Unstable 10Gb copper links, Broadcom and Intel cards to Cisco 4900M switches

We bought some Dell PowerEdge R730 servers with QLogic/Broadcom BCM57810 PCI Express cards, and connect them to Cisco 4900M switches - the 10Gb links don't work reliably. They will sometimes not connect, sometimes connect after a few minutes, and when they do connect they drop several times a day. The disconnects can last 4 minutes or 2 hours.

The Cisco switches have existing 10Gb copper links to Dell PowerVault SANs, which have been stable and working for many months.

I see the disconnects in the VMware logs as messages like:

bnx2x 0000:82:00.1: vmnic5: NIC Link is Down

and

 network connectivity on virtual switch "vSwitch2". Physical NIC vmnic5 is down.

I can't see any helpful error codes or prior messages, only messages caused by the link drops. On Windows it shows as a disconnected card, and on the switch it shows as a disconnected switch port.

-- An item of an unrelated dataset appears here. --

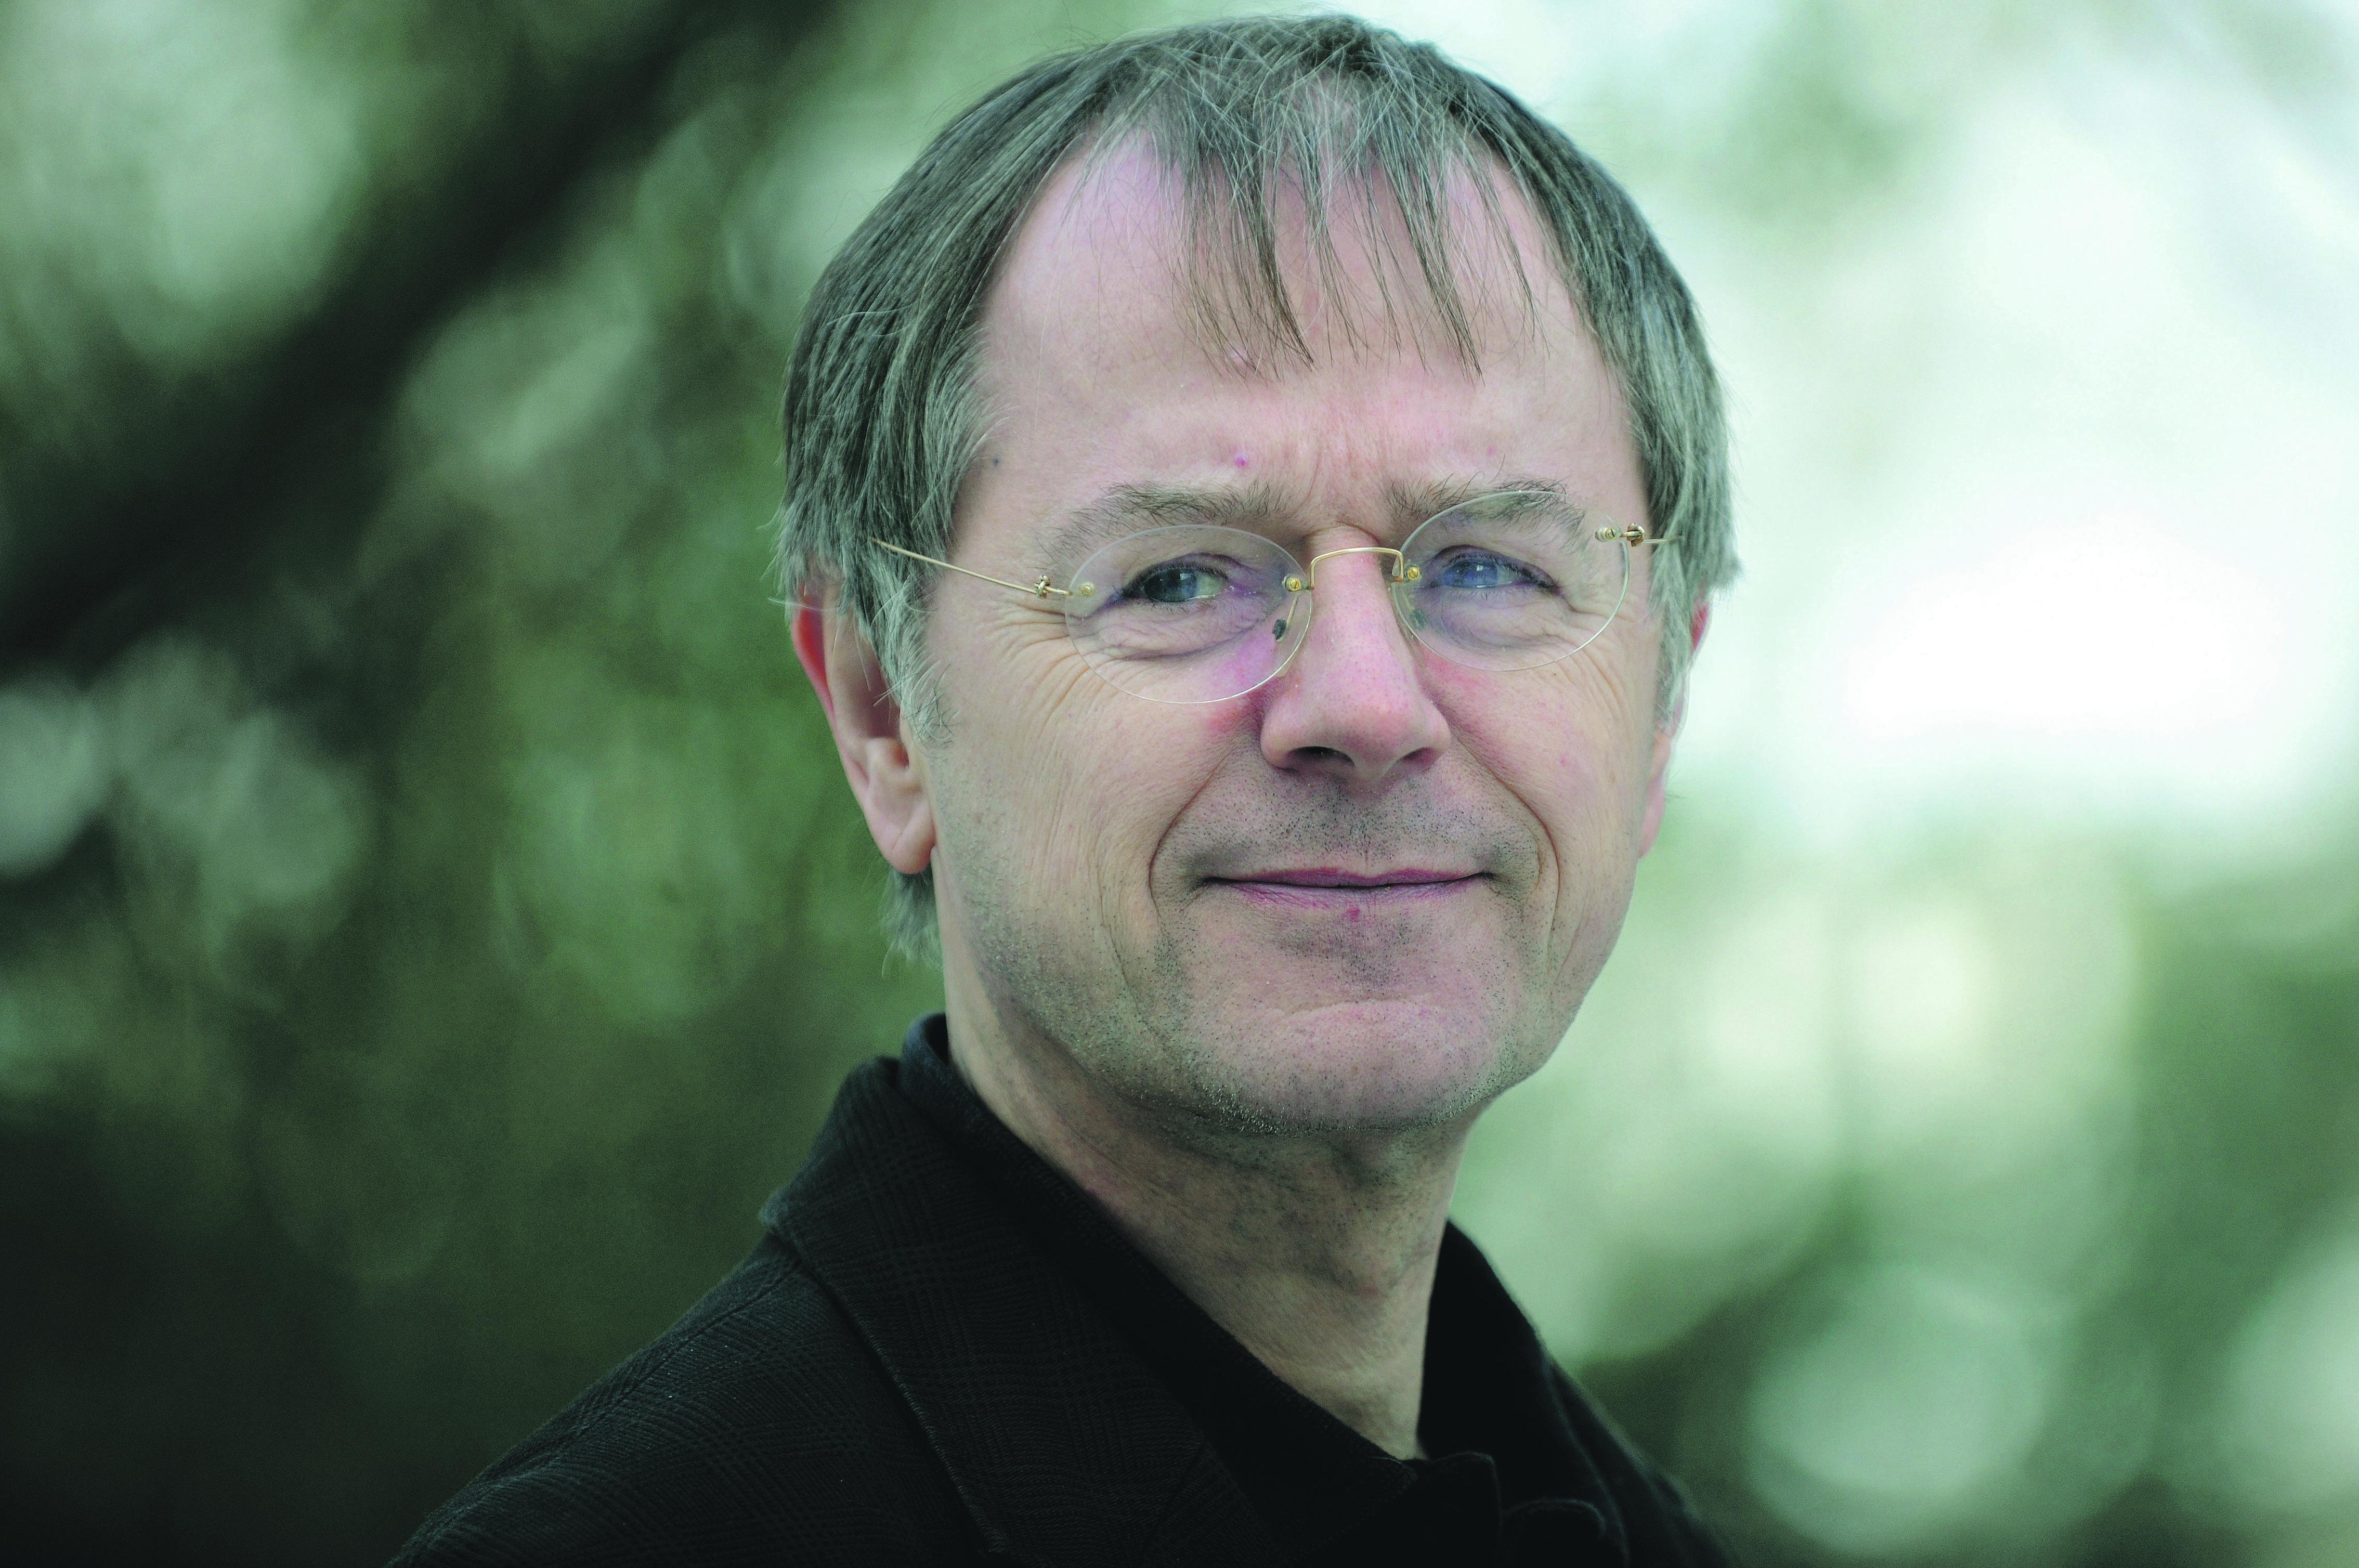 Prof. Dr. Christoph Butterwegge ist Professor für Politikwissenschaft am Institut für vergleichende Bildungsforschung und Sozialwissenschaften an der Humanwissenschaftlichen Fakultät der Universität zu Köln. Foto: Wolfgang Schmidt

When the links connect, they work - jumbo frame pings ping, iSCSI sessions establish, datastores appear with all paths found. But the connections are intermittent.

We've checked:

The cables:
- originally Cat5e single cable, now Cat6 structured cabling. The cable length overall is <7m.
- Connected with a new cable, host to switch with no patches/joints and no other cables near by.
The drivers/OS:
- Originally VMware ESXi 5.5 U2 Dell build ("ESXi 5.5.0, 2068190") with the bnx2x driver version 2.710.39.v55.2
- Then the updated driver from vmware.com, bnx2x version 2.710.70.v50.7
- Then ESXi 6.0, Dell build ("ESXi 6.0.0 2494585") which has bnx2x version 2.712...
- Then Windows Server 2012 R2 with the latest driver from Dell's site.
The QLogic/Broadcom network card firmware; it's the latest from Dell, FFv7.12.17.
The switch port configuration, it is simply mtu 9000 and switchport access vlan NNN
The switch ports
- These are 8-port 10Gb RJ45 modules ( WS-X4908-10G-RJ45 ), one per switch. The SANs take up the first four ports in each module, the new servers take up the remaining four ports in each module. This appears to affect all the ports we're using for the new servers. So it's not one failing port, or one failing module.
- I haven't tried disrupting the SAN connections to test those ports, without some specific reason to think ports 1-4 are more reliable than 5-8 that would be a last resort.
The switch interface counters, no errors apart from disconnects.
Disabling various of the offload capabilities in the Windows QLogic/Broadcom driver, and enabling EnergyEfficientEthernet, forcing the cards to 10Gb instead of autodetect.
Connecting the same hosts to the same switches into 1Gb ports, which appears to work fine, they repeatedly connect very quickly.
Cross-connecting two hosts, they connect quickly at 10Gb and hold a stable connection for days.
We bought an Intel X540-t2 card, and tried that. It behaves the same.
Since then, we've bought Cat 6a patch cables and tested those, no change.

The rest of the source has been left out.